Ulama Ahli fiqh mengatakan bahwa yang dimaksud dalam hal ini adalah orang Arab yang hidup setelah masa hidupnya Nabi Isa AS dan belum bertemu masa Nabi Muhammad Saw.
Imam Suyuthi menjelaskan tentang Ahli Fatroh: “Ketika dalil yang pasti dan tidak terbantahkan lagi telah menenjukkan bahwasannya tiada penyiksaan (di akhirat) kecuali setelah datangnya hujjah atau agama (di dunia), maka kami bisa mengetahui bahwa mereka Ahli Fatrah tidak akan disiksa.”
Para ulama Maturidiyah berkata: “Orang yang mati sebelum melewati waktu yang sekiranya bisa berangan-angan tentang agama, sedangkan dia belum sampai iman atau kufur, maka tiada siksaan baginya (selamat). Berbeda jika dia telah mempercayai kekufuran atau meninggal setelah melewati waktu sekira bisa berangan-angan dan dia tidak mempercayai apa-apa, maka dia tidak selamat.”

Maka dari itu Ahli Fatrah ada tiga Kriteria::
1. orang yang tidak bertauhid pada Allah dihatinya. Dan sebagian tidak mengikuti syariat nabi-nabi, seperti Qis bin Saida dan Zaid bin Amr. Dan sebagiannya lagi ada yang sampai mengikuti syari’at yang benar & berlaku, seperti Tubba’.
2. orang yang mengganti, merubah, menyekutukan, menciptakan syari’at sendiri, menghalalkan yang haram dan mengharamkan yang halal. Contoh seperti Amr bin Lahay. Yaitu, orang yang memprakarsai penyenbahan berhala.
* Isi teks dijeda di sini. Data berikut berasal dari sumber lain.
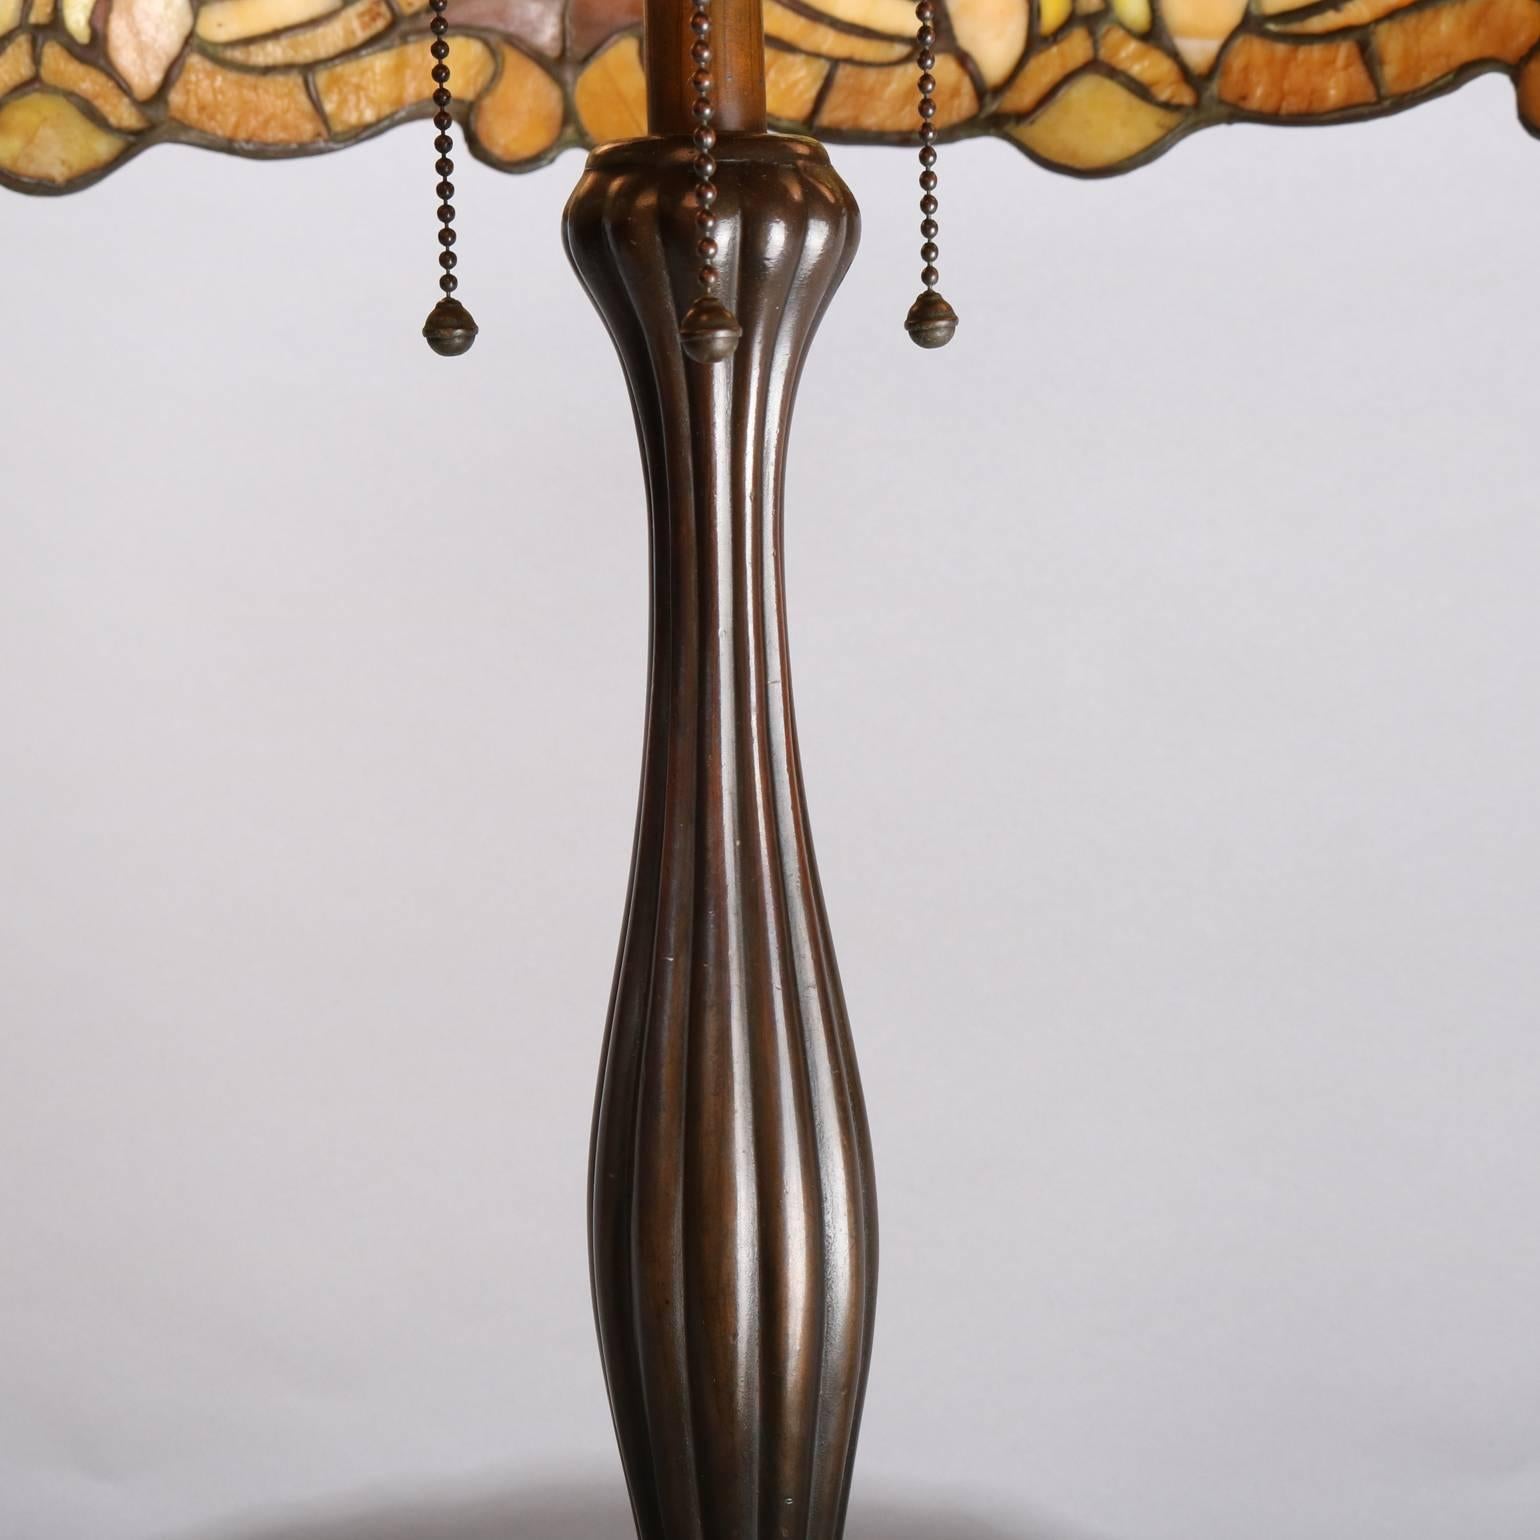 American Antique Duffner & Kimberly Co. Art Nouveau Mosiac Glass Lamp, Shell Motif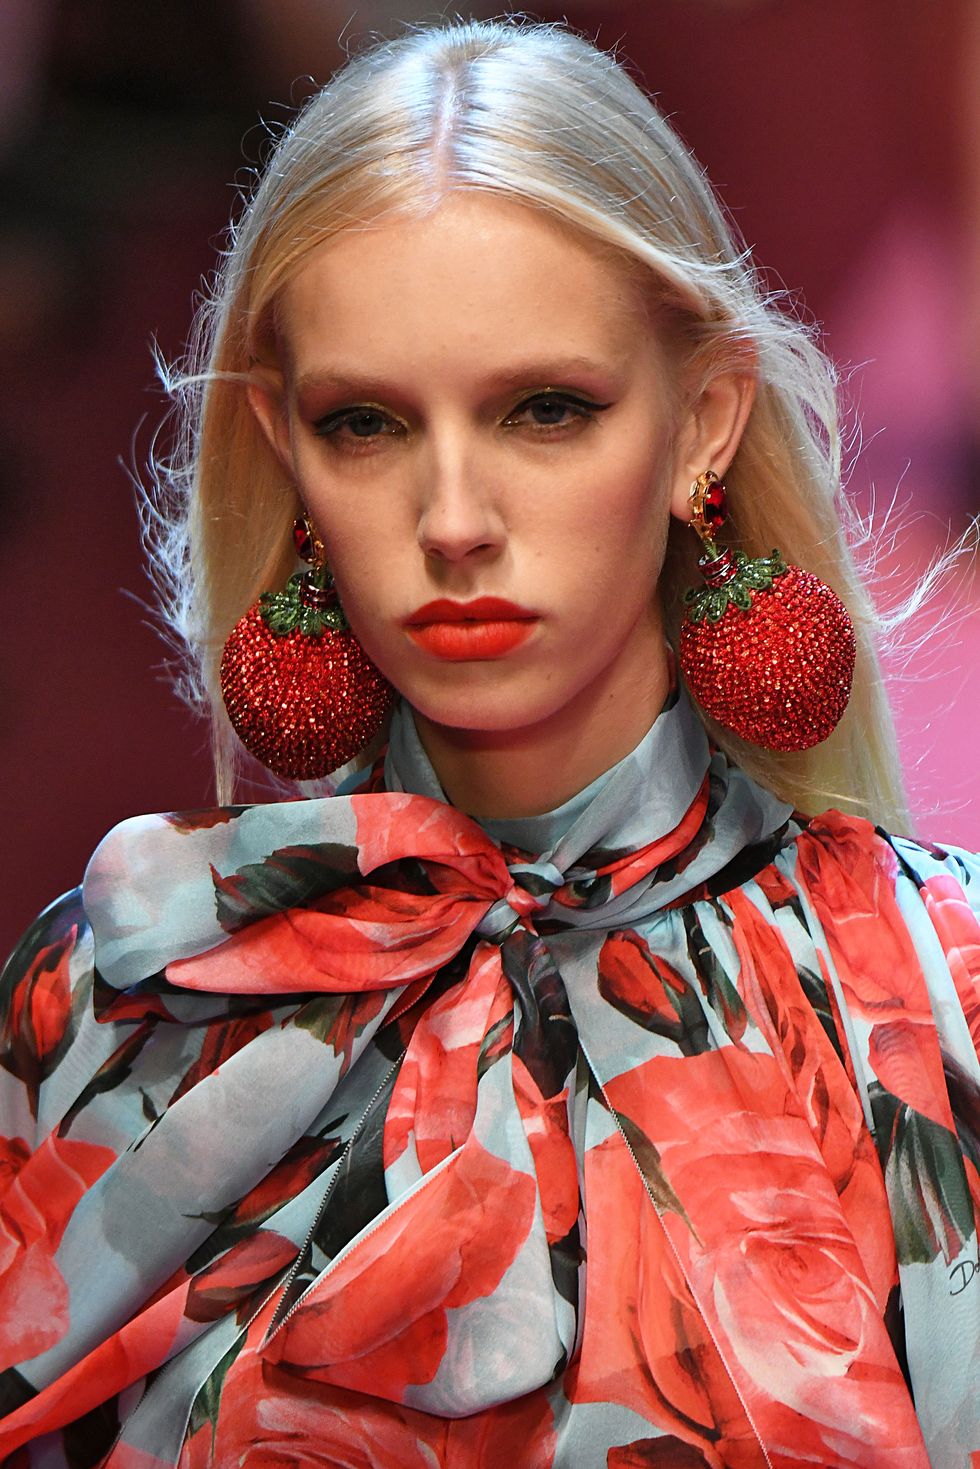 Dolce & Gabbana Satin bra, Women's Clothing

Bukan hanya itu, dia juga membuat hukum-hukum syari’at sendiri, dan mendakwahkan pada orang lain, dan orang orang menyembah jin, dan malaikat.
3. Orang yang tidak menyekekutukan dan tidak pula bertauhid serta tidak mengikuti syari’at nabi siapapun, tidak membuat hukum syari’at, dan tetap dalam keadaan seperti itu. biasanya mereka yang hidup di hutan pedalaman
Apabila ada hadits-hadits yang mengatakan tentang siksaan kepada seseorang dari mereka para Ahli Fatrah, maka dimasukkan ke bagian yang kedua. Adapun bagian yang ketiga, adalah para Ahli Fatrah yang selamat dan tidak disiksa.
Hukum Kedua Orang Tua Rasulullah Saw.
Berkata imam ibnu hajar dalam kitab Syarh Hamaziah karya Imam Bushiri:
لم تزل في الضمائر الكون تختا * ر لك الأمهات والأباء
“Senantiasa dalam rahasia alam ini*
engkau (nabi) selalu dipilihkan dari ibu ayah pilihan”
Alloh berfirman Allah ta’ala:
وتقلُّبَك فى السَّاجدين
“dan (melihat) perubahan gerakan badanmu di antara orang-orang yang sujud.” (QS Asy-Syuara’ [26]: 219).
Menurut salah satu penafsiran ayat tersebut, bahwa yang dimaksud dari ayat tersebut adalah pindahnya nur Muhammad dari orang yang sujud kepada orang yang sujud.. Ayat ini merupakan legalisasi bahwa garis keturunan nabi Muhammad s.a.w diwariskan dan diturunkan dengan jalur suci dari masing masing individu yang dipilih alloh s.w.t dari nabi adam. Dan sabda Nabi Muhammad Saw:
(لمْ أَزَلْ أُنْقَلُ مِن الأَصْلَابِ الطّاهراتِ إلى الأَرحام الزَّكِيَّات)
“Tiada henti-hentinya aku dipindah dari punggung-punggung yang suci ke rahim-rahim yang bersih.”
Hadits ini merupakan pengejawantahan bahwasannya tidak ada sama sekali dari sekian banyak utusan nabi yang menyekutukan Allah Swt. Dan garis keturunannya merupakan garis keturunan yang terpilih. Dan tidak ada dari datuk nabi Muhammad kecuali menjadi pemimpin di masanya seperti kata sebuah syair menyebutkan:

فألئك السادة لم ترى مثلهم * عين على متتابع الاحقاب
زهر الوجوه كريمة احسابهم * يعطون سائلهم بغسر حساب
Namun masih banyak orang yang salah faham dan mengatakan bahwa kedua orang tua nabi Muhammad s.a.w Ahli Neraka. Dengan dalih bahwa mereka tidak mengucapkan dua kalimat syahadat selama hidupnya.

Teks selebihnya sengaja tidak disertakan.